More broadly, the task facing Indian reformers will be made more difficult by three factors that were not faced by other rapid industrialisers in the region. One is the political economy of a large but underdeveloped country. India’s democracy is a vibrant one, but the sheer size of the poor population means that there is a constant temptation for policymakers to focus their attention on spending tax revenues on handouts rather than on stoking economic growth in order to create jobs that lift people out of poverty.

Another is the disorderly, fragmented global trading environment, with the kind of open multilateralism that facilitated growth in East Asia rapidly giving way to a thicket of preferential deals and trading blocs. And India must also industrialise at the same time as the world is trying to wean itself off greenhouse gas-emitting energy sources and technologies. This is a constraint that did not face countries such as Japan and South Korea during their development. India must use its late-comer advantage to turn challenge into opportunity.
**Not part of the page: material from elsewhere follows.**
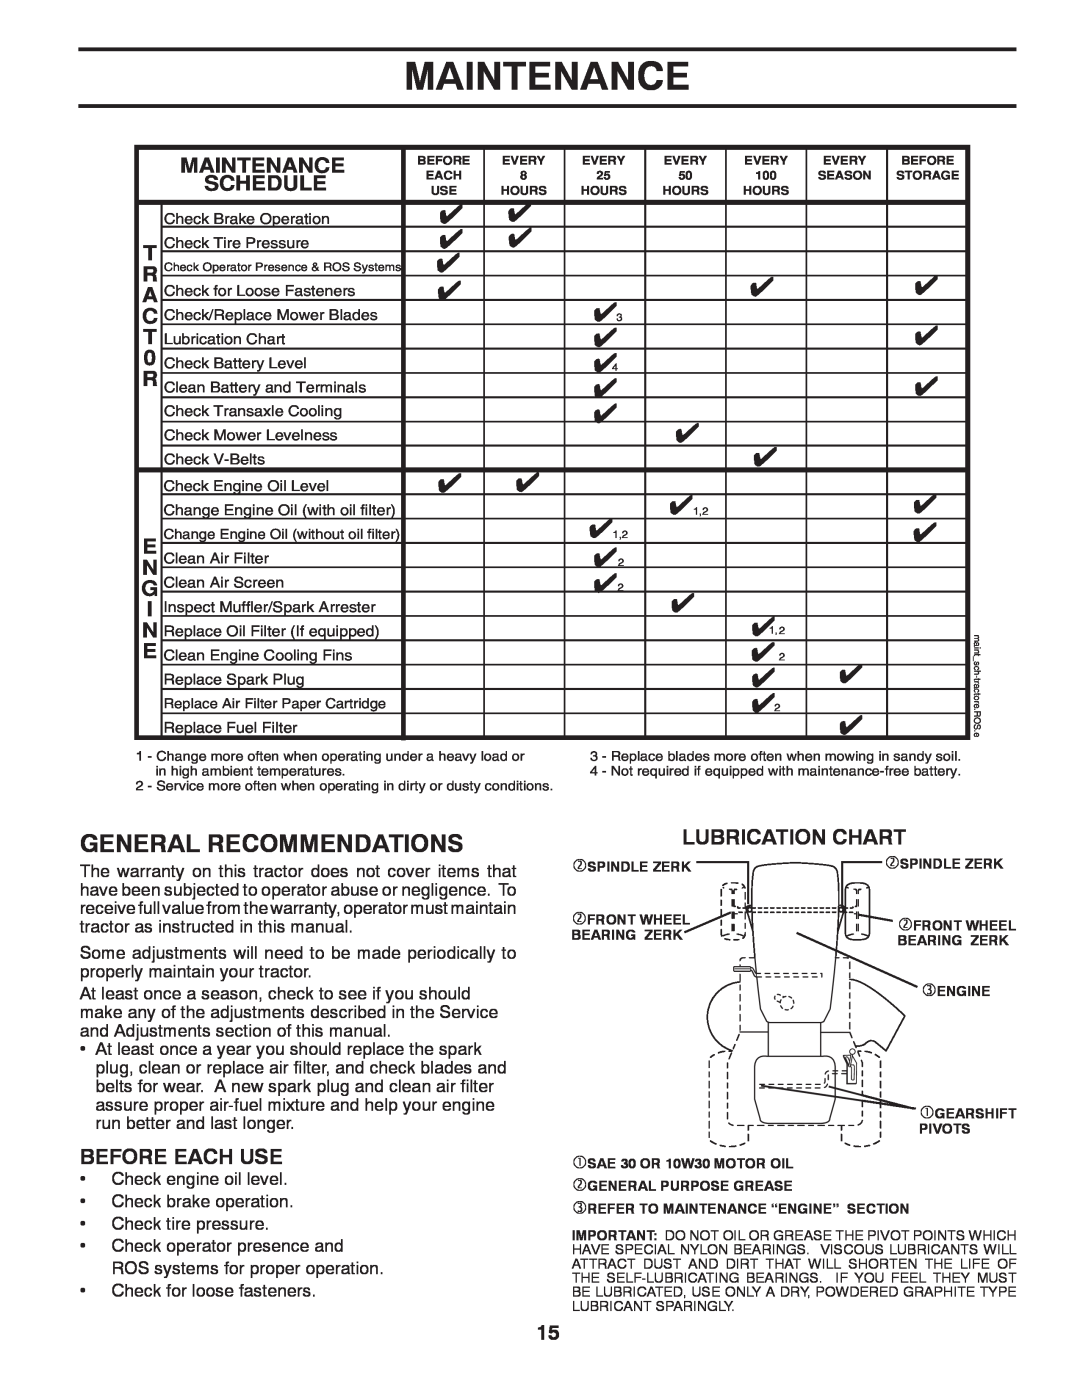 Poulan 96042003505 manual Maintenance, Lubrication Chart

In all, India’s policymakers face a formidable set of challenges that span the gamut of economic development. The new Modi Government has shown that it understands better than any government before it the scale and breadth of the task at hand. But, like its predecessors, it runs the risk of getting submerged in the many pressing day-to-day issues that confront it. And allowing its rhetoric to run ahead of its results.
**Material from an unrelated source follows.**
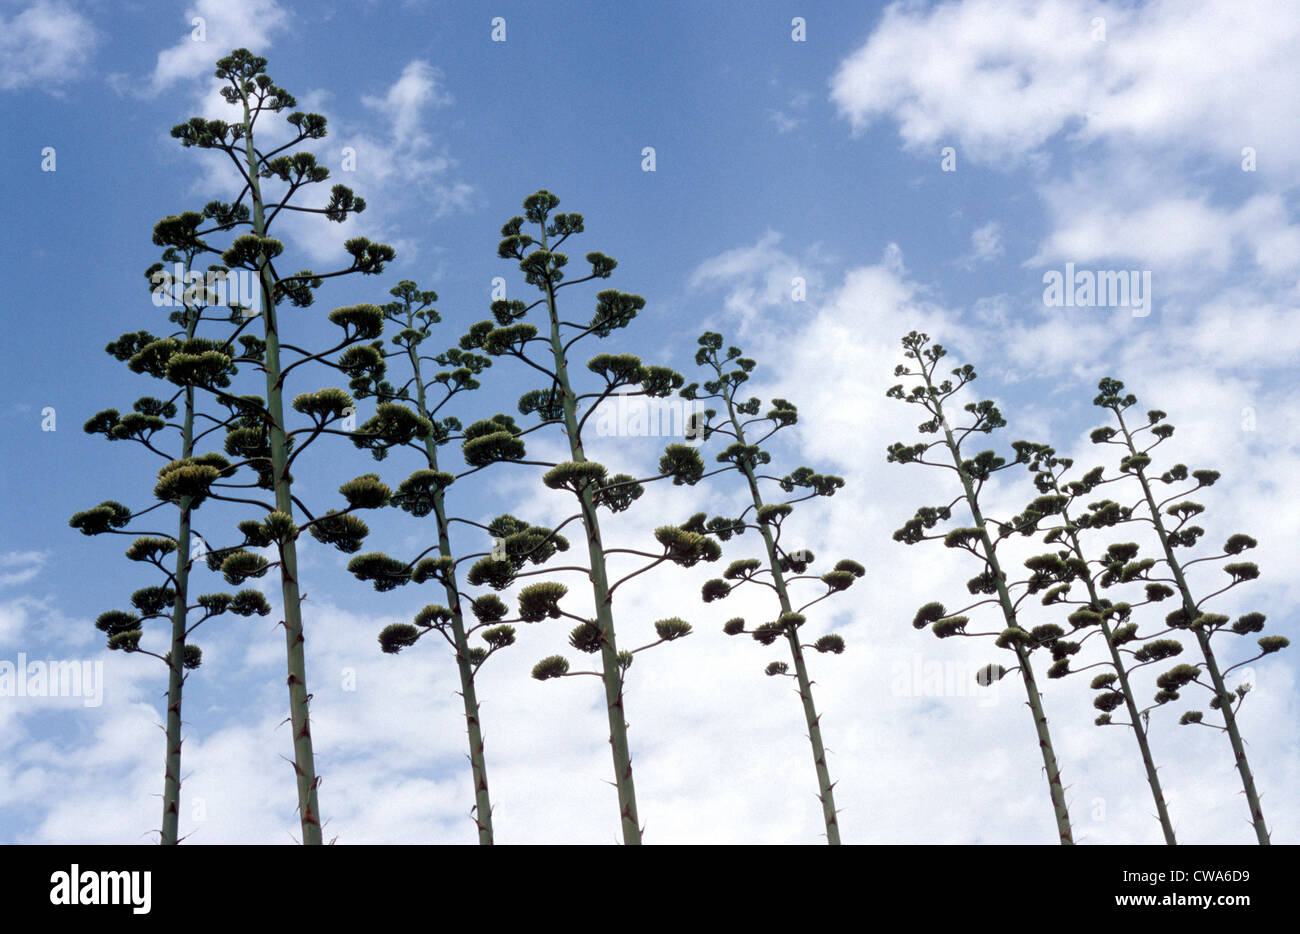 Las inflorescencias de Agavenpflanzen ligeramente contra un cielo nublado Foto de stock

What is needed is a small, tightly organised, but empowered group of policymakers, policy researchers and even younger politicians who are charged with thinking about India’s future and the policy strategies required to secure prosperity and productivity. Such a group should not seek to put out the daily fires that beset every government, but apply its strategic reasoning to all current policies and programs under review, and to new ones that no one is yet thinking about.

Dr Shekhar Shah is Director-General of the National Council of Applied Economic Research (NCAER), New Delhi. Dr Rajesh Chadha is the Senior Research Counsellor at NCAER.

This article summarises a paper prepared for the 37th Pacific Trade and Development Conference.

2 responses to “Why India’s policymakers need to fire on all cylinders”

  1. Shekhar and Rajesh. Quite a good story on the sectoral issues confronting India but you suggest the ‘registered manufacturing sector in India uses skilled labour more intensively’ and will need to change to absorb the less skilled informal workforce. The reality is that due to global competition there is no market for manufactured goods that are produced with low skills and poor technology which usually results in poor quality goods. I dont know why universities continue to teach this idea that all less developed countries and regions need to do is start manufacturing labour intensive goods and everything falls into place. No consumers want this poor quality stuff anymore. And its not such a problem that the informal sector finds a way around the regulations of the formal sector. There would be much more to worry about if the informal sector didn’t find a away around the constraints.